During inference, the pre-trained composite soft prompt is simply appended to the user's input text. The T2I model processes this as part of the standard token sequence, requiring no additional models, no changes to the diffusion process, and no retraining of the base model.

3. Key Contributions

Novel Technique: First application of the "system prompt" concept to T2I models via soft prompt optimization, enabling lightweight, parameter-free safety alignment.
Divide-and-Conquer Strategy: A modular approach that optimizes category-specific embeddings, enhancing robustness across diverse NSFW types (sexual, violent, political, disturbing).
Comprehensive Evaluation: Extensive experiments across five datasets and comparisons with eight state-of-the-art (SOTA) defenses.
Scalability: Demonstrated ability to integrate new NSFW categories (e.g., self-harm) by simply appending new embeddings without retraining the entire system.

4. Experimental Results

The authors evaluated PromptGuard on Stable Diffusion v1.4 against eight baselines (including UCE, SafeGen, SafetyFilter, SLD, and POSI).

Effectiveness (NSFW Removal):
- Achieved the lowest average Unsafe Ratio of 5.84%, significantly outperforming all baselines.
- Specifically reduced the unsafe ratio for sexually explicit content from 71.17% (vanilla SD) to 1.50%.
- Showed superior performance in moderating political content, a category where most existing methods fail.
Benign Preservation:
- Maintained high fidelity for safe prompts, achieving the 2nd highest CLIP Score and 3rd lowest LPIPS Score among content moderation methods.
- Unlike methods that blur or black out images, PromptGuard generates realistic, safe images that retain the semantic intent of the user.
Efficiency:
- 3.8x faster than previous moderation methods (like POSI and SLD) because it adds no external inference steps or diffusion process modifications.
- Inference time is comparable to the vanilla model (~1.39s/image).
Adversarial Robustness:
- Under three red-teaming attacks (SneakyPrompt-N, SneakyPrompt-P, and MMA-Diffusion), PromptGuard maintained an average unsafe ratio of 2.35%, outperforming all baselines.
Scalability:
- Successfully integrated a new "Self-harm" category, reducing the unsafe ratio further to 10.33% without degrading benign generation quality.
- Demonstrated transferability to SD v1.5 and SDXL without retraining the embeddings.

5. Significance

PromptGuard represents a paradigm shift in T2I safety. By moving away from heavy model retraining or external filtering pipelines, it offers a computationally efficient, modular, and highly effective solution.

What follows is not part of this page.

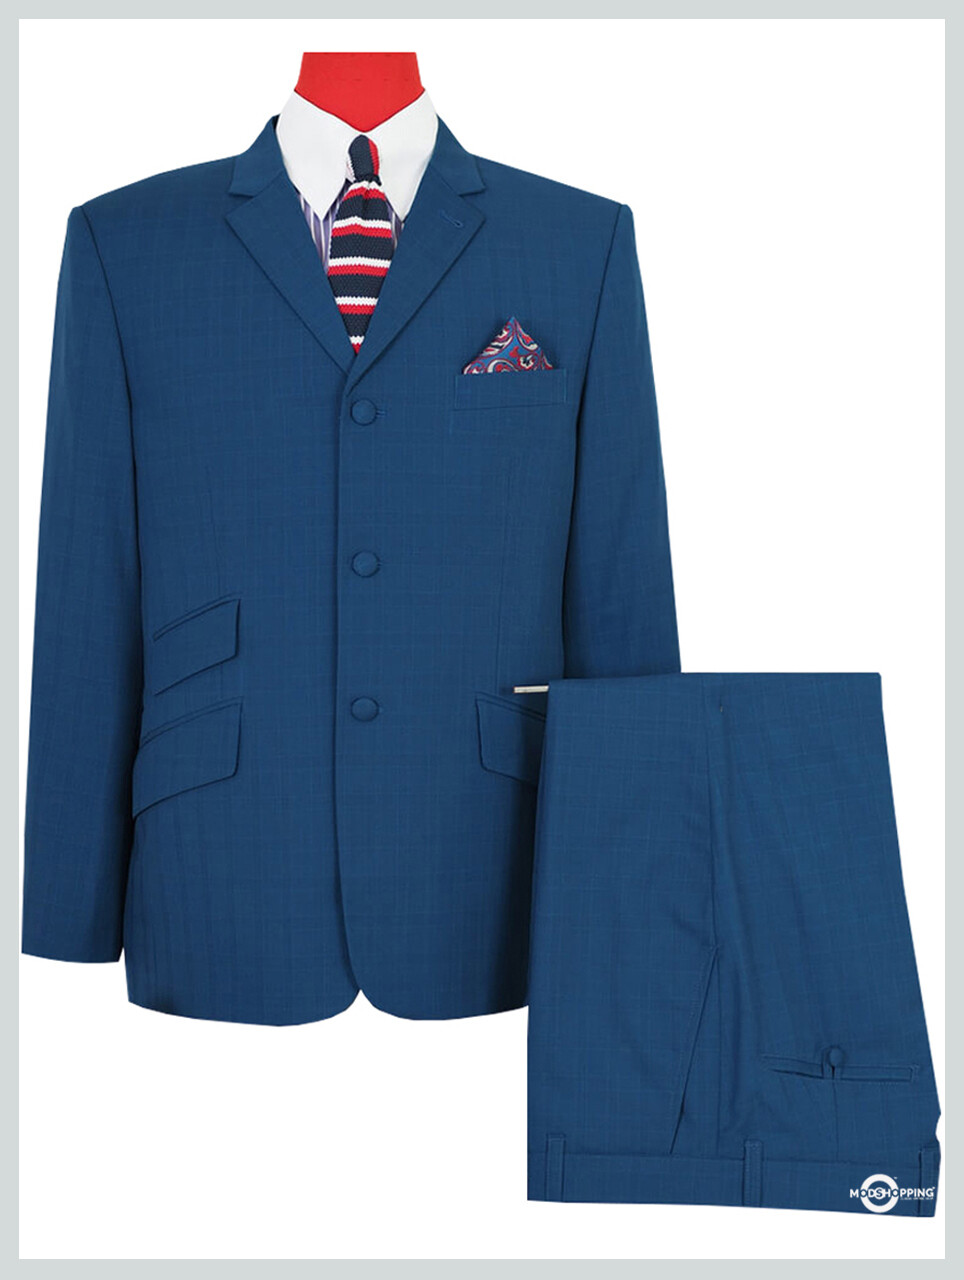 Mens Blue Suit|Teal Blue 3 Button Tailored Mohair Mod Suit

Practicality: Its low latency and lack of computational overhead make it suitable for real-time deployment in commercial T2I services.
Ethical Impact: It effectively mitigates the generation of harmful content (including politically sensitive and disturbing imagery) while preserving the creative utility of the models for benign users.
Future-Proof: The soft prompt approach is model-agnostic regarding the diffusion backbone, relying only on the text encoder, making it adaptable to future T2I architectures.

In conclusion, PromptGuard sets a new state-of-the-art for T2I content moderation, balancing high safety standards with the preservation of image quality and generation speed.